Maintaining The CRRT Circuit: Non-Anticoagulant Alternatives

Document Type

Journal Article


Australian College of Critical Care Nurses


Faculty of Computing, Health and Science


School of Nursing, Midwifery and Postgraduate Medicine


Davies, H., & Leslie, G. (2006). Maintaining the CRRT circuit: non-anticoagulant alternatives. Australian Critical Care, 19(4), 133-138. Available here


Prevention of clotting is an important factor in continuous renal replacement therapy (CRRT) to ensure that solute clearance, electrolytes and acid base and fluid balance are controlled.
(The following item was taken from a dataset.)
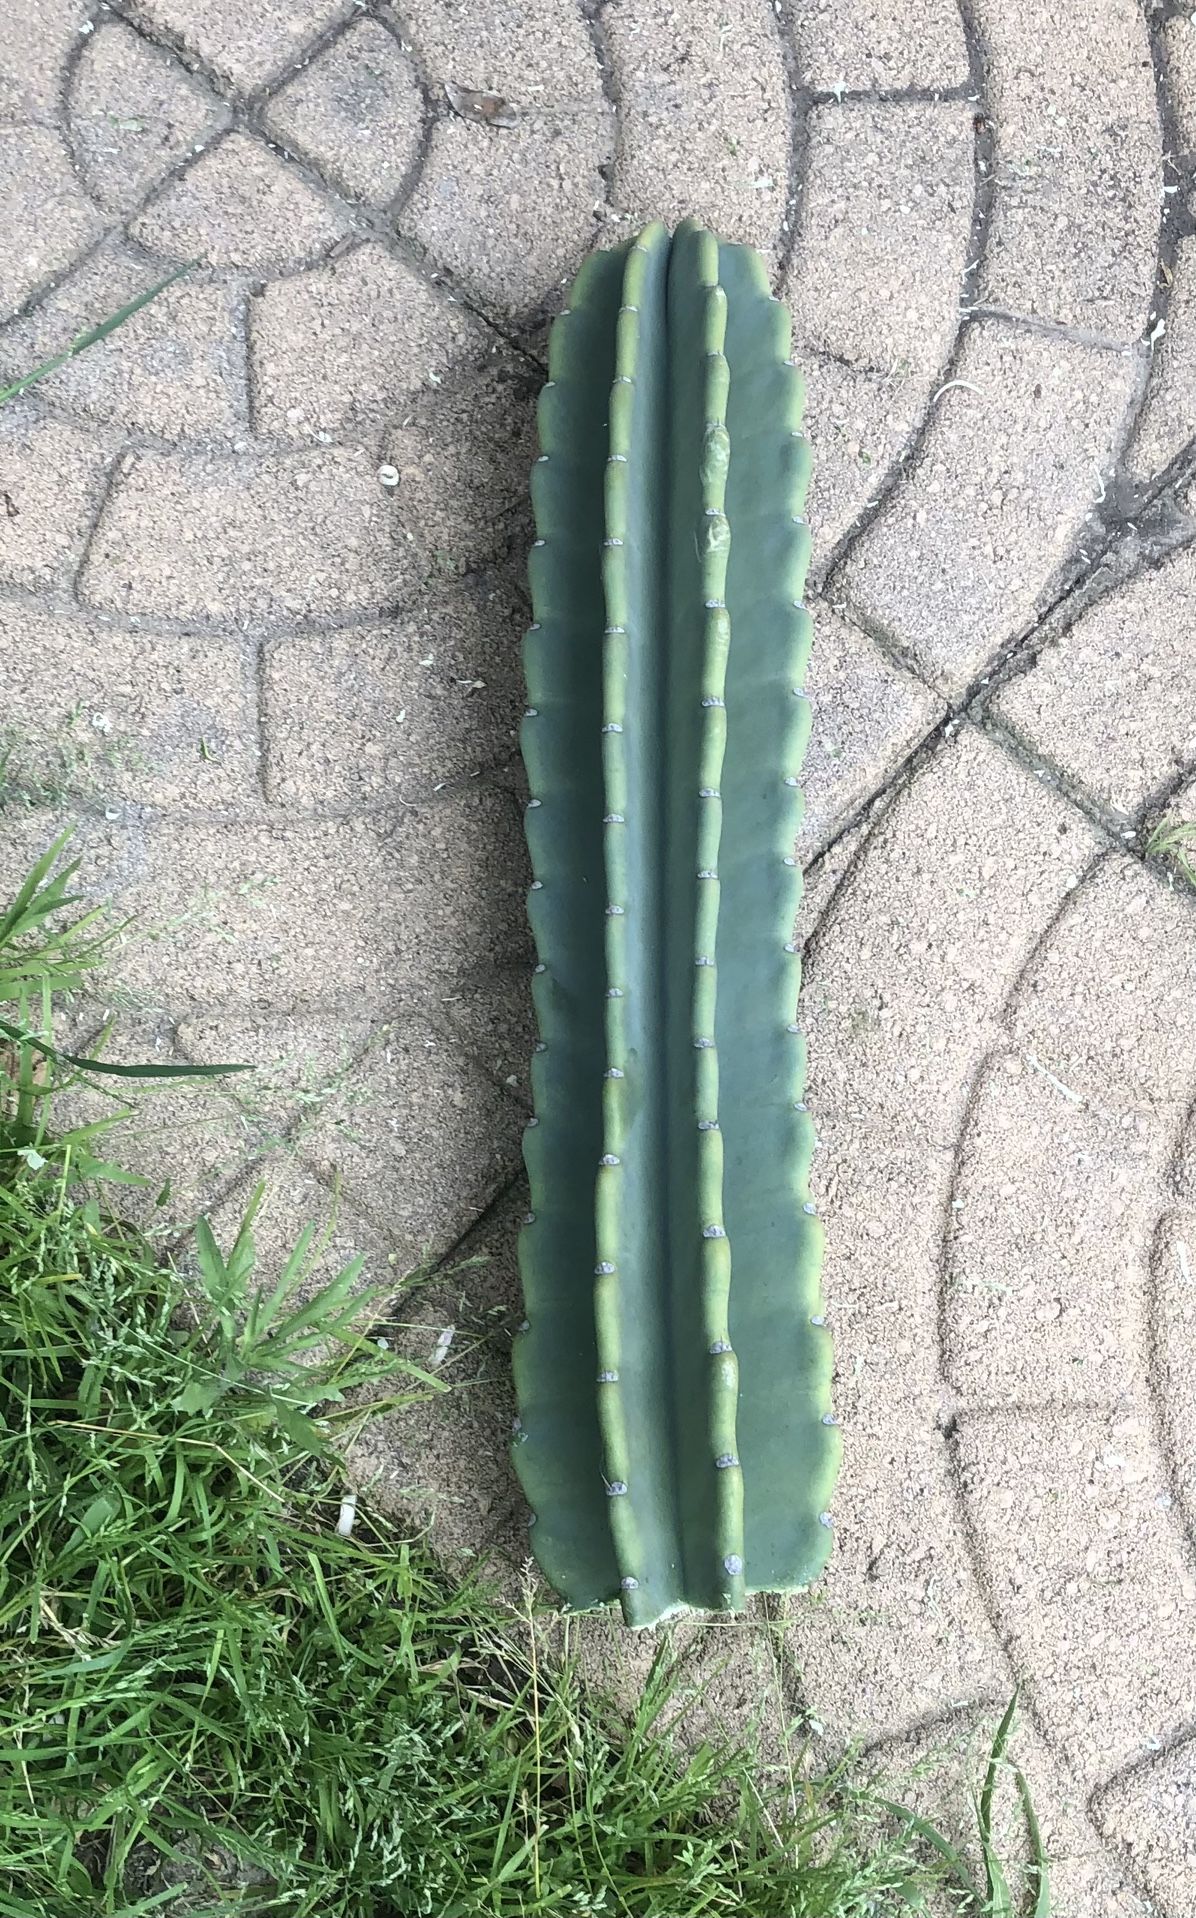 Cactus Clipping Ready To Plant Or Pot 22”

This article will focus attention on the components and design of the CRRT circuit, identifying strategies in the literature which may promote circuit life. It is important that the CRRT circuit incorporates biocompatible materials and is designed in a way which limits turbulent blood flow. Premature clotting is also more likely to occur when blood flow through the circuit is interrupted or sluggish as a result of poor vascular access, or when there is increased resistance or obstruction in the circuit. The pre-dilution method of fluid replacement reduces blood viscosity inside the haemofilter and assists in delaying the onset of blood clots by limiting the potential for haemoconcentration. The monitoring and adjustment of the blood level inside the venous bubble or air trap can lessen the effect of blood-air contact and protect the site from excessive clotting. A number of other factors are also considered important as predictors of circuit life in the operation and management of the circuit. They include the choice of access site and design configuration of the catheter device, and the level of competency of nursing staff preparing and monitoring circuit function. Whilst the value of intermittent saline flushing has not been proven to be of benefit in promoting circuit life, it remains to be determined whether the choice in the CRRT mode affects circuit life differently. In conclusion, specific measures in the application of CRRT besides anticoagulation therapy can influence the development of blood clots and the duration of circuit life. This requires the development of evidence-based practice guidelines which include strategies that are known to promote circuit life.